__INSTRUCTIONS FOR THE TASK__
The listing is to be repeated exactly, and its pictures are to be left out.

DATA SEGMENT START

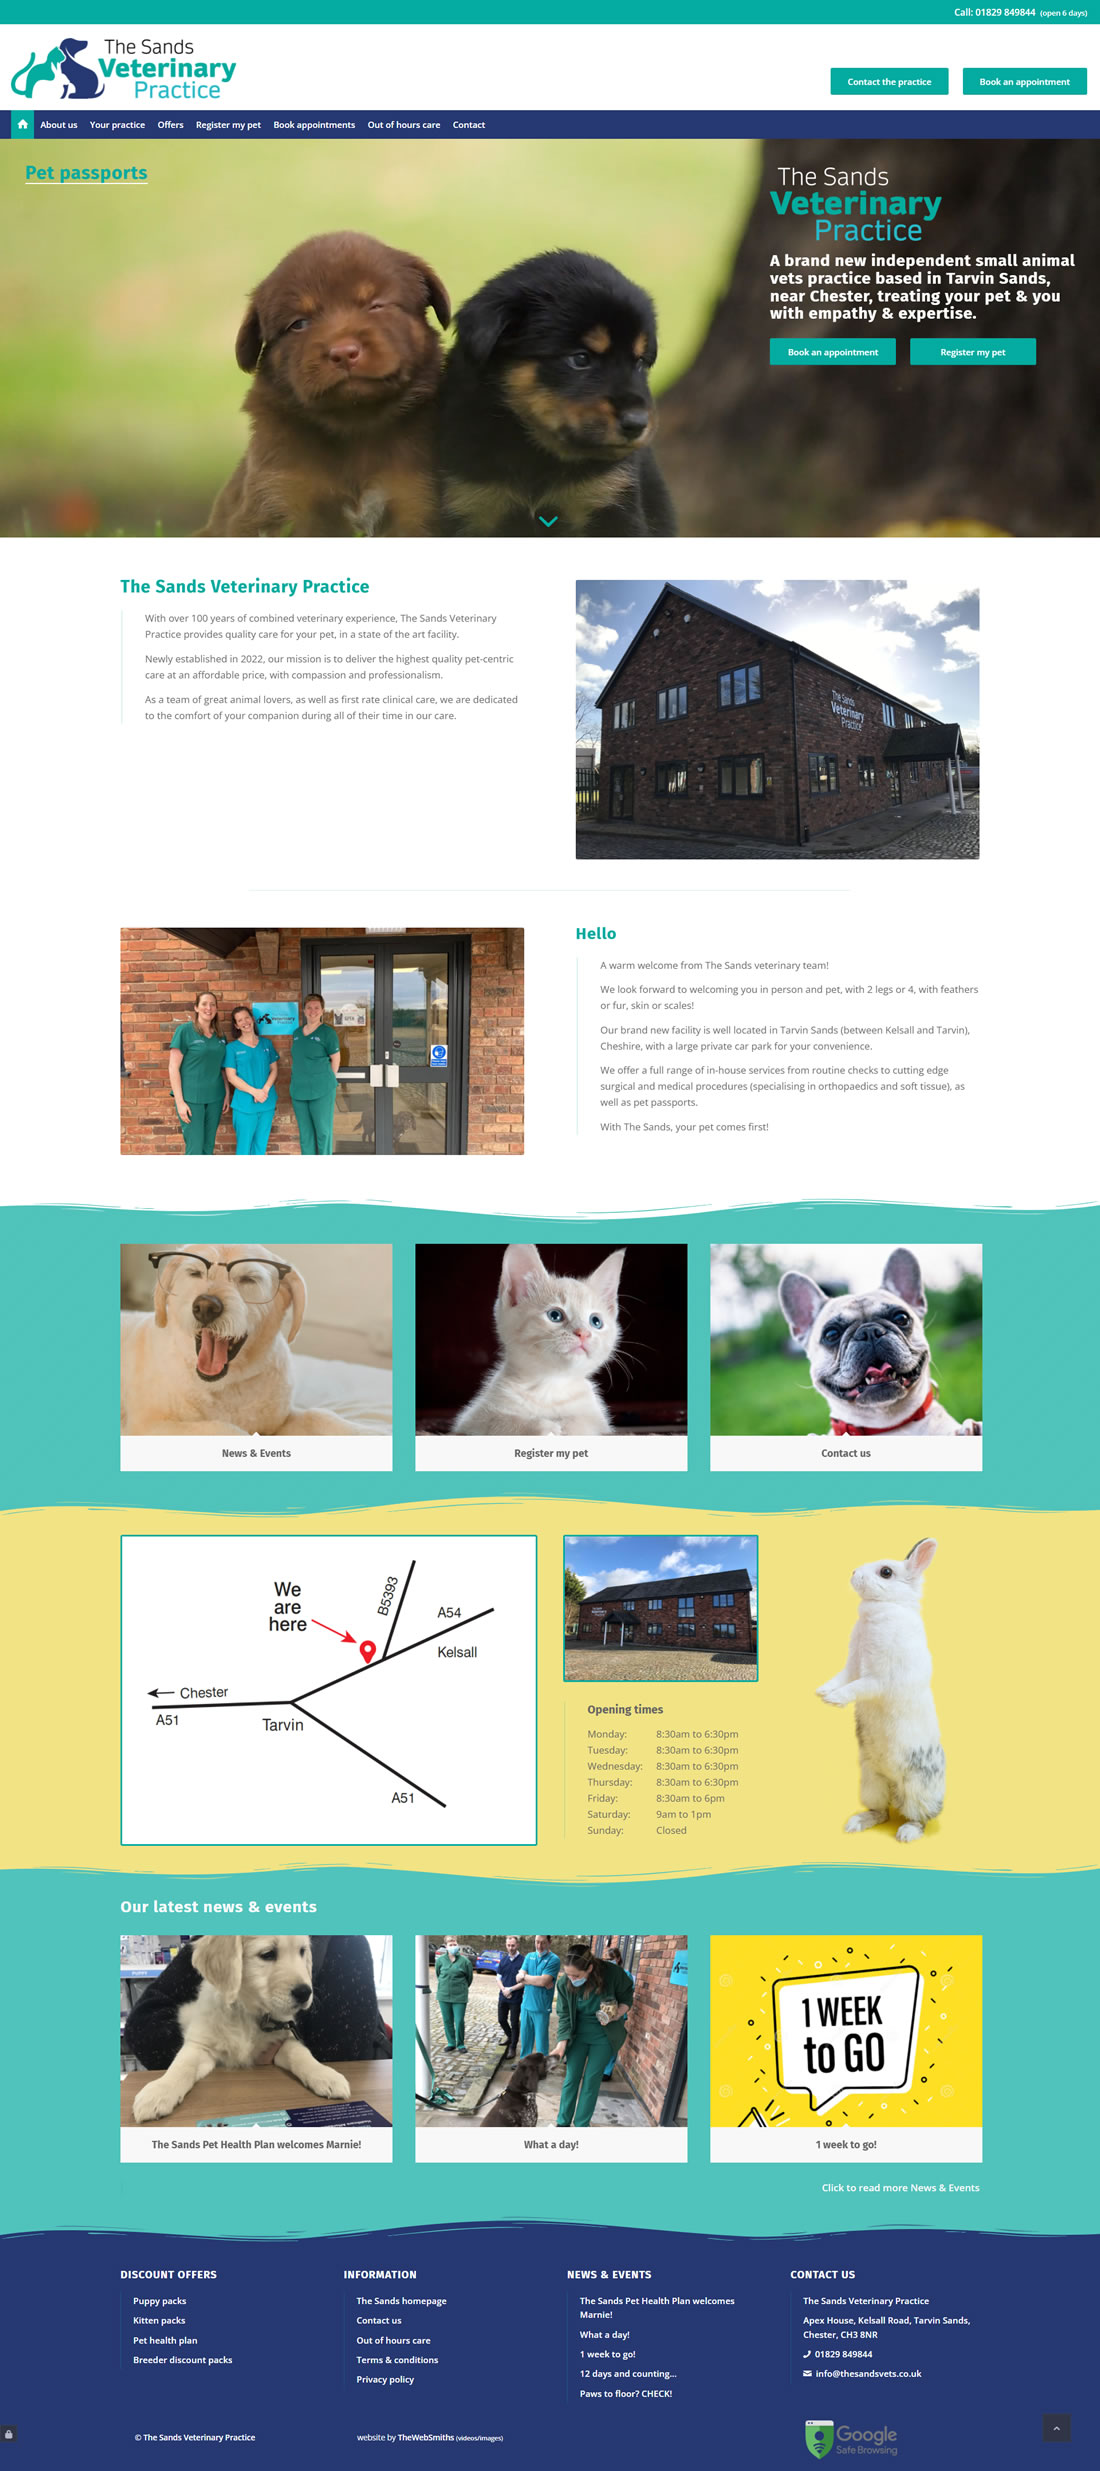 A new website for The Sands Veterinary Practice
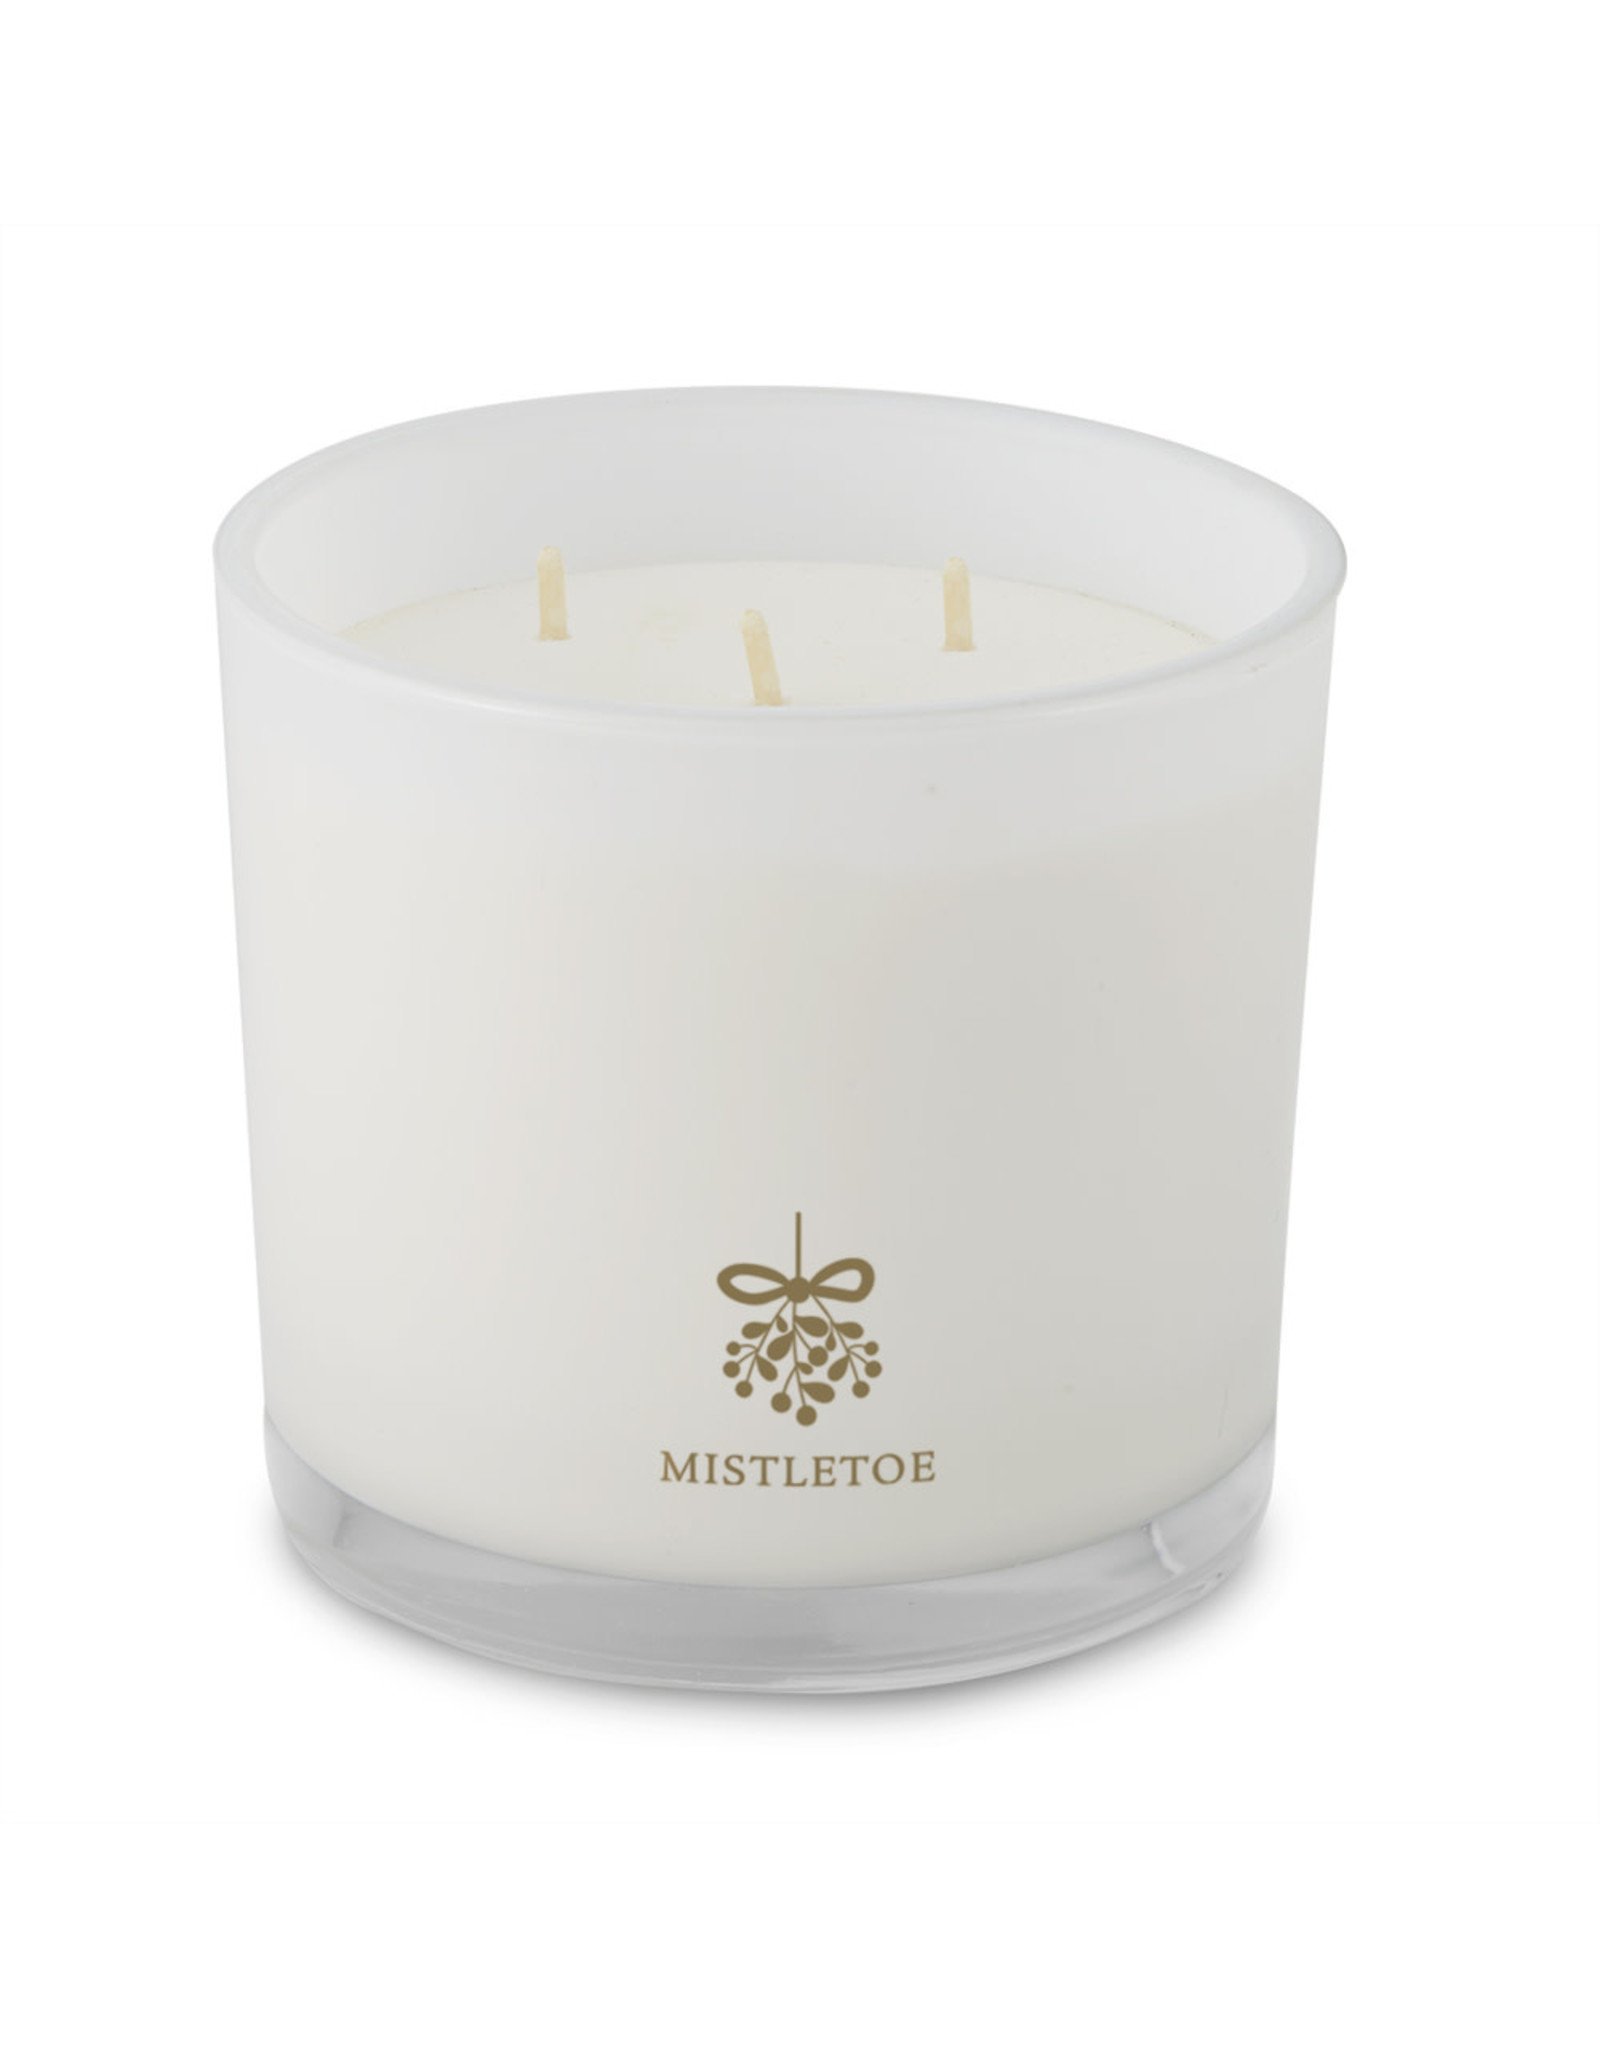 Root Candle - Mistletoe 3-Wick Honeycomb Candle
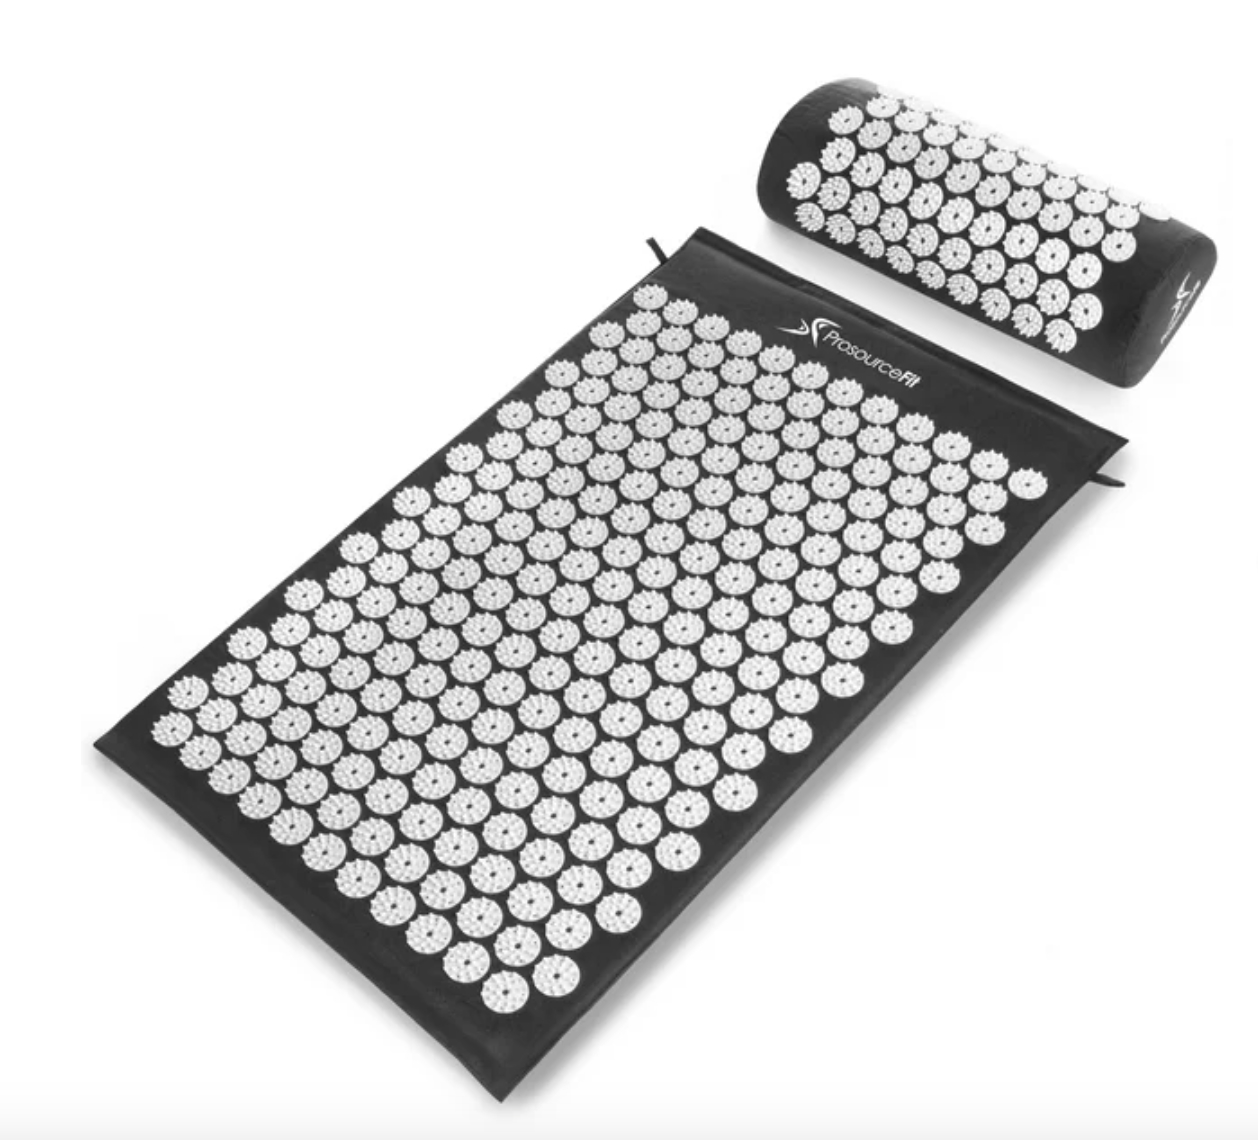 Acupressure mat and pillow set on a white background
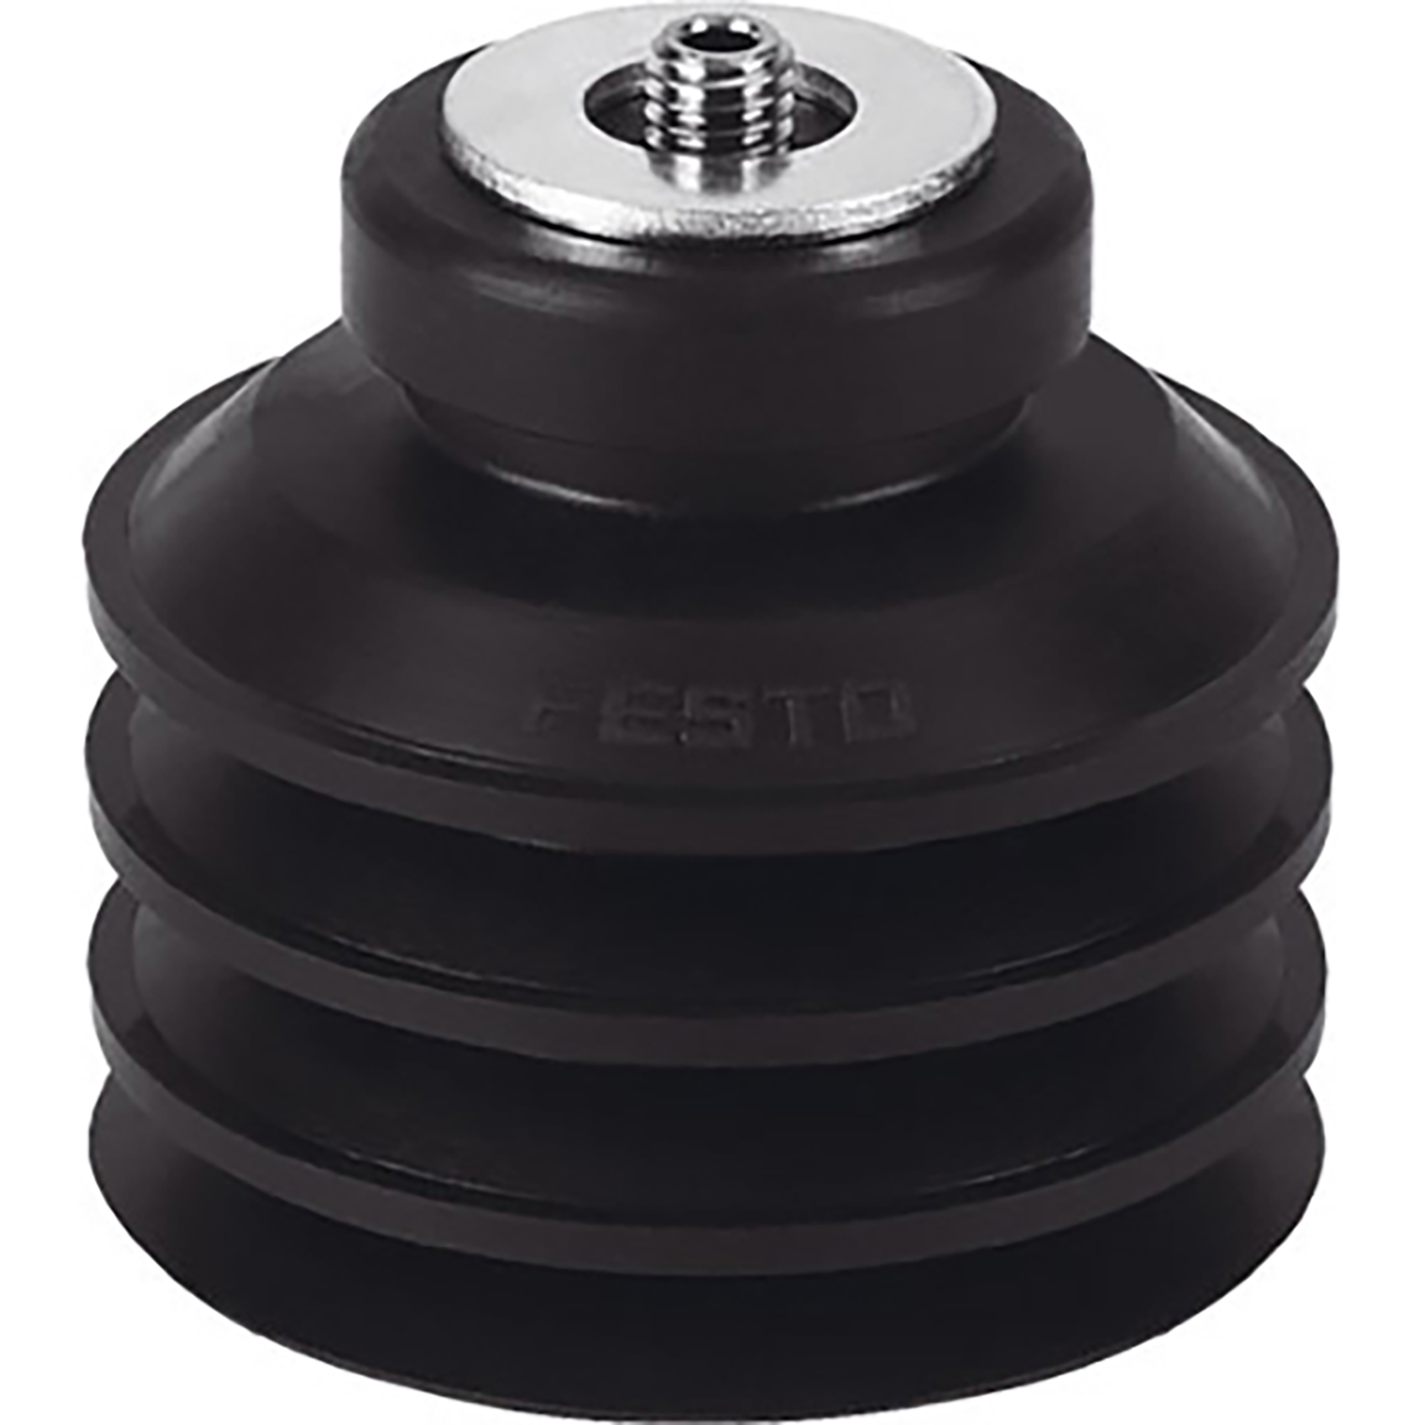 ESS-30-CS SUCTION CUP

DATA SEGMENT END

__YOUR SOLUTION__
 A new website for The Sands Veterinary Practice
 Root Candle - Mistletoe 3-Wick Honeycomb Candle
 Acupressure mat and pillow set on a white background
 ESS-30-CS SUCTION CUP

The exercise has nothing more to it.